B. Applicable Constitutional Principles

[145] While some cases conclude that the Board has jurisdiction over a subcontractor’s employees, and others do not, the same analytical process takes place in each case. Some of the important SCC decisions prior to Tessier provide a helpful reminder of the analysis the Board will apply.

[146] In Northern Telecom #1, Mr. Justice Dickson set out six principles governing Parliament’s jurisdiction over labour relations:

In an elaboration of the foregoing, Mr. Justice Beetz in Construction Montcalm Inc. v. Minimum Wage Commission4 set out certain principles which I venture to summarize:

(1) Parliament has no authority over labour relations as such nor over the terms of a contract of employment; exclusive provincial competence is the rule.

(2) By way of exception, however, Parliament may assert exclusive jurisdiction over these matters if it is shown that such jurisdiction is an integral part of its primary competence over some other single federal subject.

(3) Primary federal competence over a given subject can prevent the application of provincial law relating to labour relations and the conditions of employment but only if it is demonstrated that federal authority over these matters is an integral element of such federal competence.

(4) Thus, the regulation of wages to be paid by an undertaking, service or business, and the regulation of its labour relations, being related to an integral part of the operation of the undertaking, service or business, are removed from provincial jurisdiction and immune from the effect of provincial law if the undertaking, service or business is a federal one.

(5) The question whether an undertaking, service or business is a federal one depends on the nature of its operation.

(6) In order to determine the nature of the operation, one must look at the normal or habitual activities of the business as those of “a going concern”, without regard for exceptional or casual factors; otherwise, the Constitution could not be applied with any degree of continuity and regularity.

(pages 131–132)

[147] Northern Telecom #1 noted the need for a proper record of the constitutional facts in order to allow the analysis to take place.

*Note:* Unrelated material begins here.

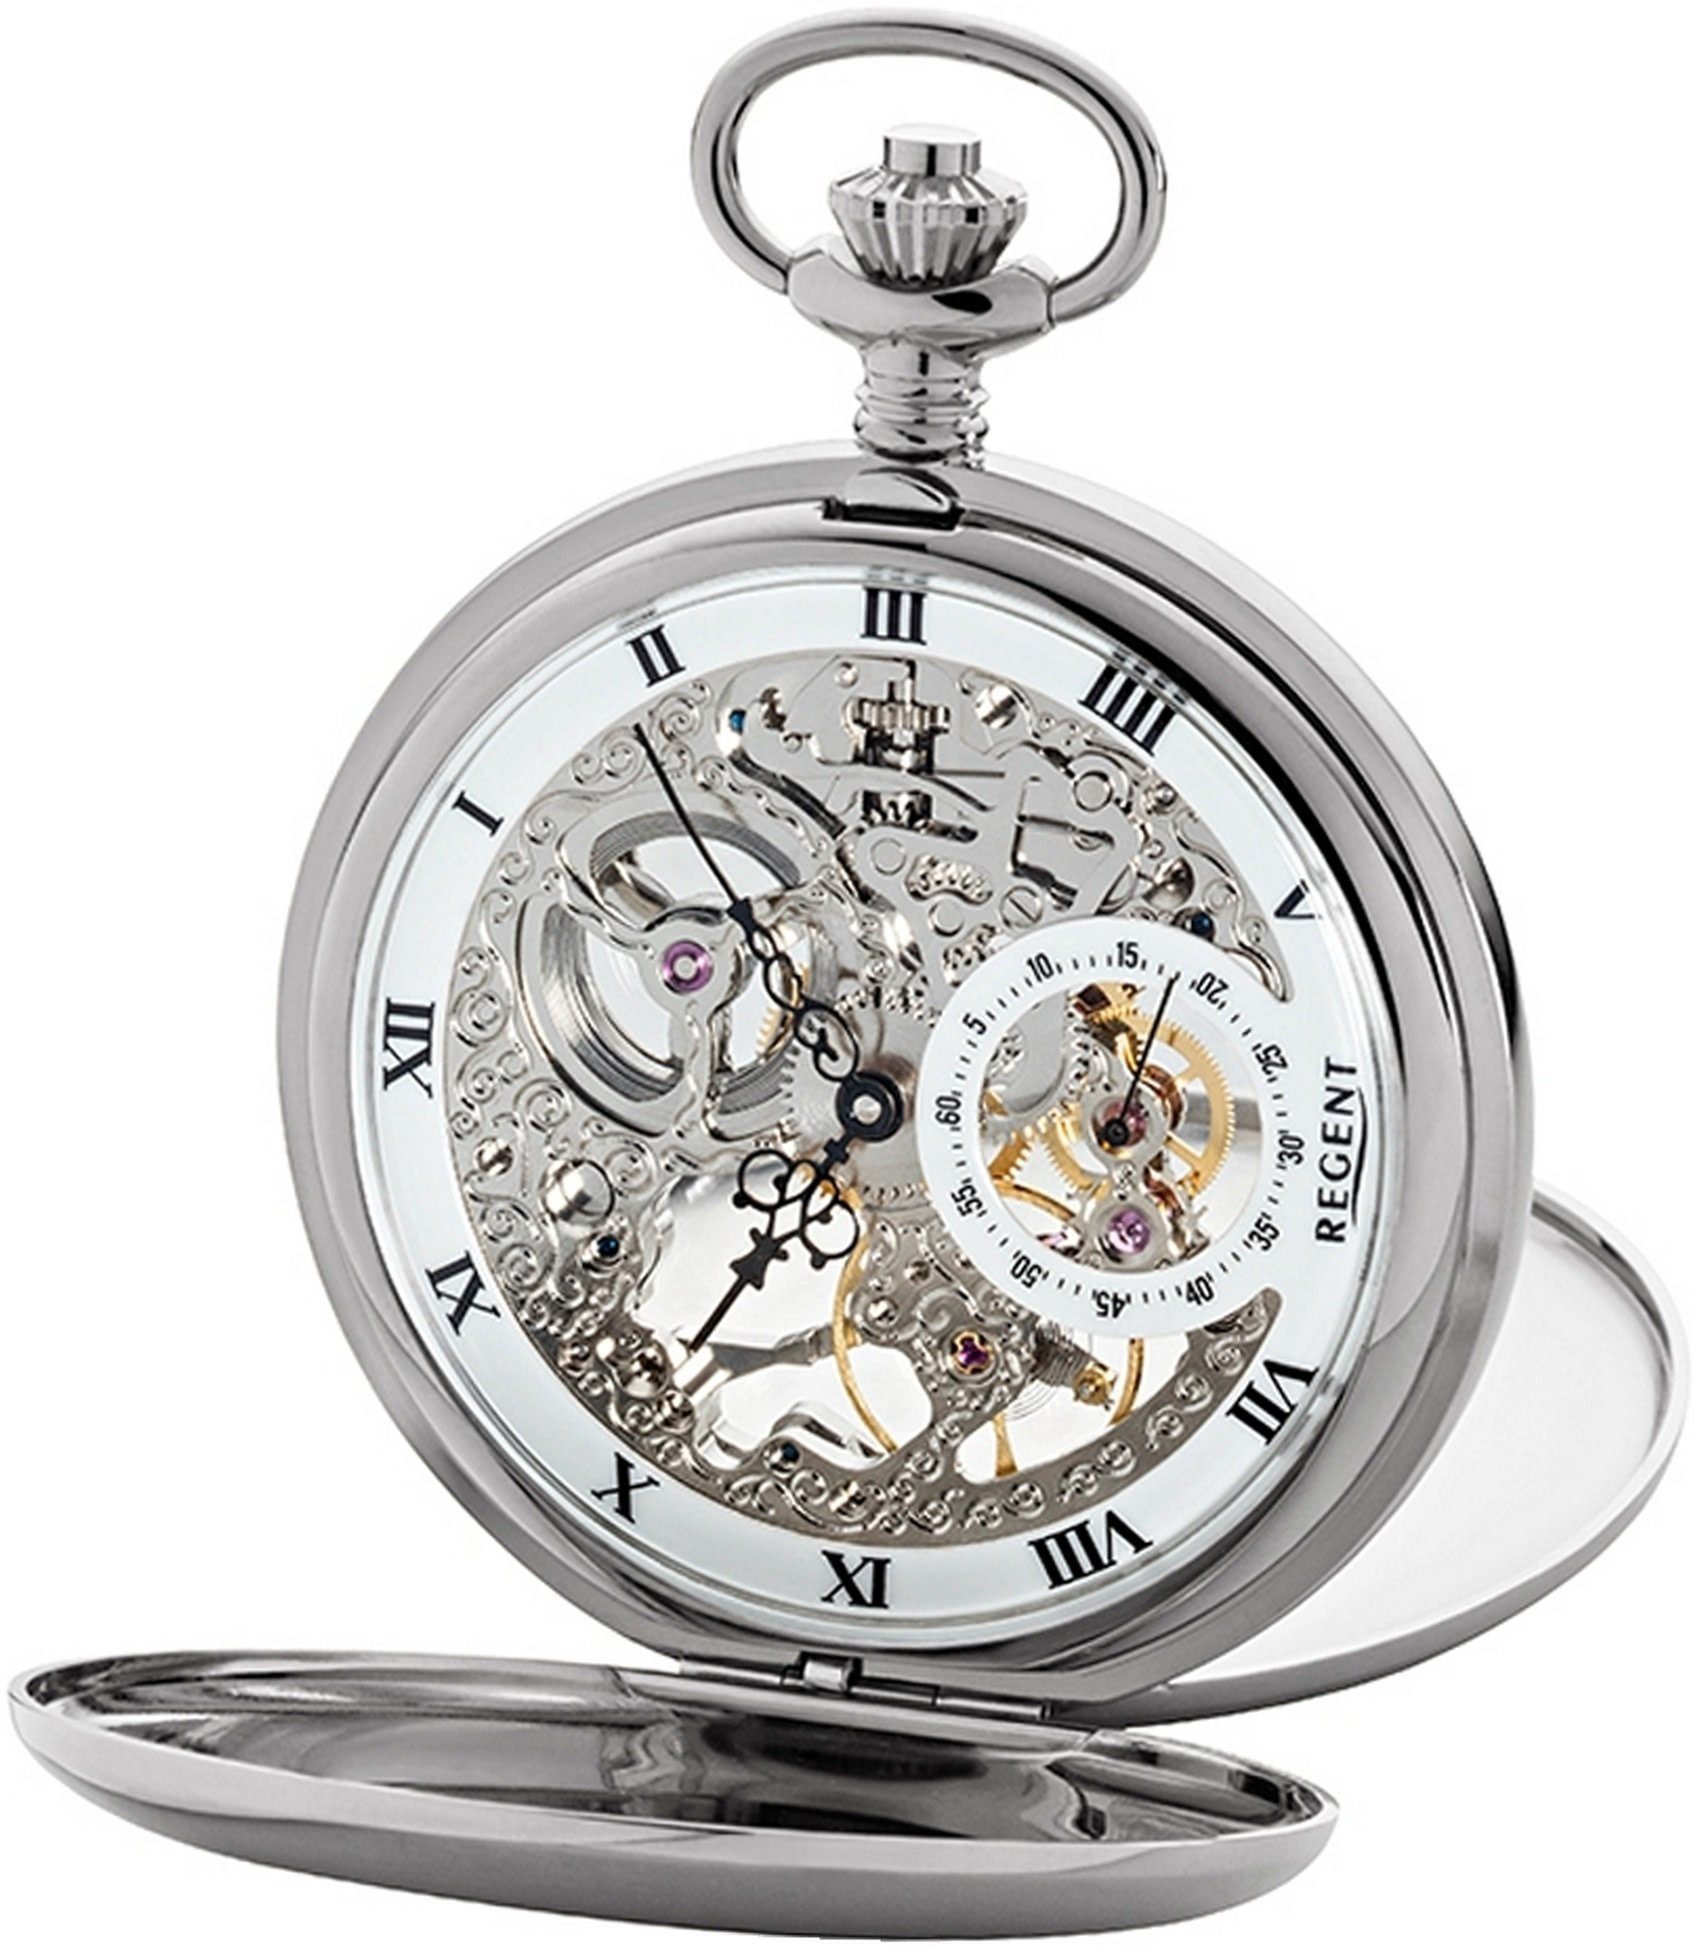 Regent Taschenuhr Regent Herren Uhr GM1611 Armbanduhr, (Analoguhr), Herrenuhr, rundes Gehäuse, groß (ca. 53mm), weiß

Mr. Justice Dickson further described the type of analysis which had to be applied to those constitutional facts:

A recent decision of the British Columbia Labour Relations Board, Arrow Transfer Co. Ltd.5, provides a useful statement of the method adopted by the courts in determining constitutional jurisdiction in labour matters. First, one must begin with the operation which is at the core of the federal undertaking. Then the courts look at the particular subsidiary operation engaged in by the employees in question. The court must then arrive at a judgment as to the relationship of that operation to the core federal undertaking, the necessary relationship being variously characterized as “vital”, “essential” or “integral”. As the Chairman of the Board phrased it, at pp. 34-5:

In each case the judgment is a functional, practical one about the factual character of the ongoing undertaking and does not turn on technical, legal niceties of the corporate structure or the employment relationship.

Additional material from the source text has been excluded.